Command (m for help): i
No partition is defined yet!
Command (m for help): q
So I started to suspect that something is problematic with the persistent name being a symlink. Since I have no experience with Piraeus/Linstor device migration if it's possible or not, I removed everything from the cluster that is related to these, removed all etcd host path volumes, and cleaned up the cluster. Then I re-deployed the Piraeus operator with just the following change in the Helm values:
storagePools:
lvmThinPools:
- devicePaths:
- - /dev/disk/by-id/scsi-0QEMU_QEMU_HARDDISK_drive-scsi1
+ - /dev/sdb
name: lvm-thin
thinVolume: thinpool
volumeGroup: ""
And it now works fine, all statuses are green:
$ linstor storage-pool l
╭───────────────────────────────────────────────────────────────────────────────────────────────────────────────────────────╮
┊ StoragePool ┊ Node ┊ Driver ┊ PoolName ┊ FreeCapacity ┊ TotalCapacity ┊ CanSnapshots ┊ State ┊
╞═══════════════════════════════════════════════════════════════════════════════════════════════════════════════════════════╡
┊ DfltDisklessStorPool ┊ node1 ┊ DISKLESS ┊ ┊ ┊ ┊ False ┊ Ok ┊
┊ DfltDisklessStorPool ┊ node2 ┊ DISKLESS ┊ ┊ ┊ ┊ False ┊ Ok ┊
┊ DfltDisklessStorPool ┊ node3 ┊ DISKLESS ┊ ┊ ┊ ┊ False ┊ Ok ┊
┊ lvm-thin ┊ node1 ┊ LVM_THIN ┊ linstor_thinpool/thinpool ┊ 7.98 GiB ┊ 7.98 GiB ┊ True ┊ Ok ┊
┊ lvm-thin ┊ node2 ┊ LVM_THIN ┊ linstor_thinpool/thinpool ┊ 7.98 GiB ┊ 7.98 GiB ┊ True ┊ Ok ┊
┊ lvm-thin ┊ node3 ┊ LVM_THIN ┊ linstor_thinpool/thinpool ┊ 7.98 GiB ┊ 7.98 GiB ┊ True ┊ Ok ┊
╰───────────────────────────────────────────────────────────────────────────────────────────────────────────────────────────╯
A minor note that after the statuses had become green, I also needed to modify the storagePool option of the StorageClass from thinpool to lvm-thin to make PVC provisioning work but I think it's not related to the failed device preparation.

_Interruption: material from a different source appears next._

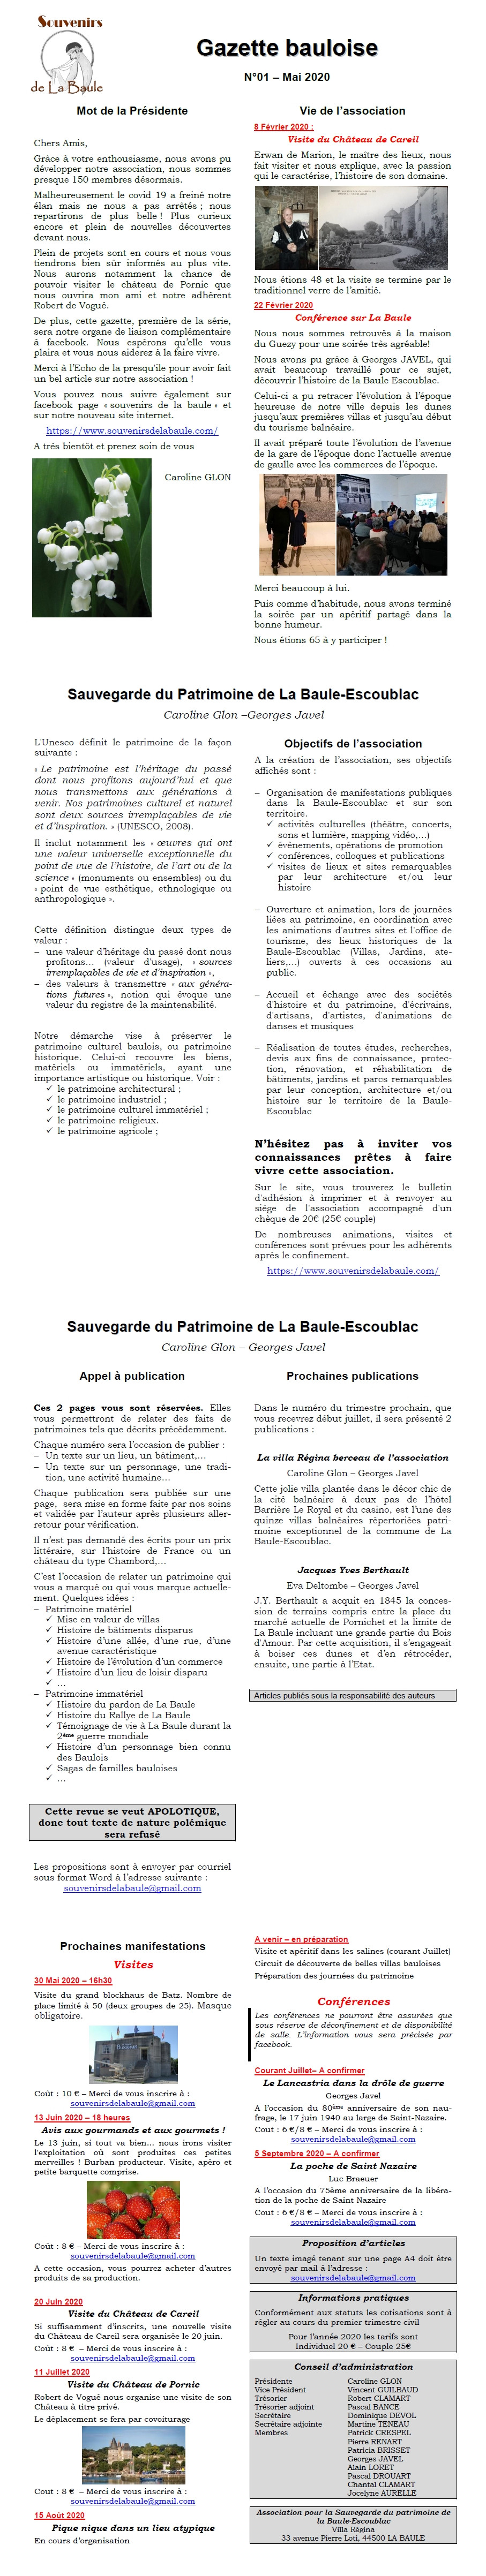 LA GAZETTE BAULOISE 001 - MAI 2020.jpg

Thank you for reporting this issue.
You are right in your suspicion that symlinks don't work.
If a storage pool does not exist on a node, it will try to:
- Check the output of
linstor physical-storage listand check if a matching device(s) is/are listed for the current node. If it is, it will uselinstor physical-storage create-device-pool ...to prepare the device(s). - If no matching device(s) were found in the list, the operator assumes that the LVM pools are already present. In that case, the operator will call
linstor storage-pool create ...with the assumption that LVM metadata already exists.
This implementation has the advantage that storage pools will be re-created in cases the node was "lost" for some reason. Such a node would already have the LVM metadata set up by LINSTOR, so it would no longer show in the linstor physical-storage list output.
In your case, Piraeus also does not find the given device in the list, and so directly jumps to step 2. This then fails in the above way, as the LVM metadata was never created.
I'll try to think of a way to improve this process. For now, I'll add the initial requirement of no symlinks to the list.
Wow, thanks for the explanation and the PR with the note!
Hopefully the sda/sdb layout will never change for me, as the second drive with the LVM is attached with another method to the KVM machines (sda: ide0, sdb: scsi0), and ide0 is marked as boot device.
The PR have been merged, should we leave this issue open for you?
I'll try to think of a way to improve this process
Yeah, you can leave it open.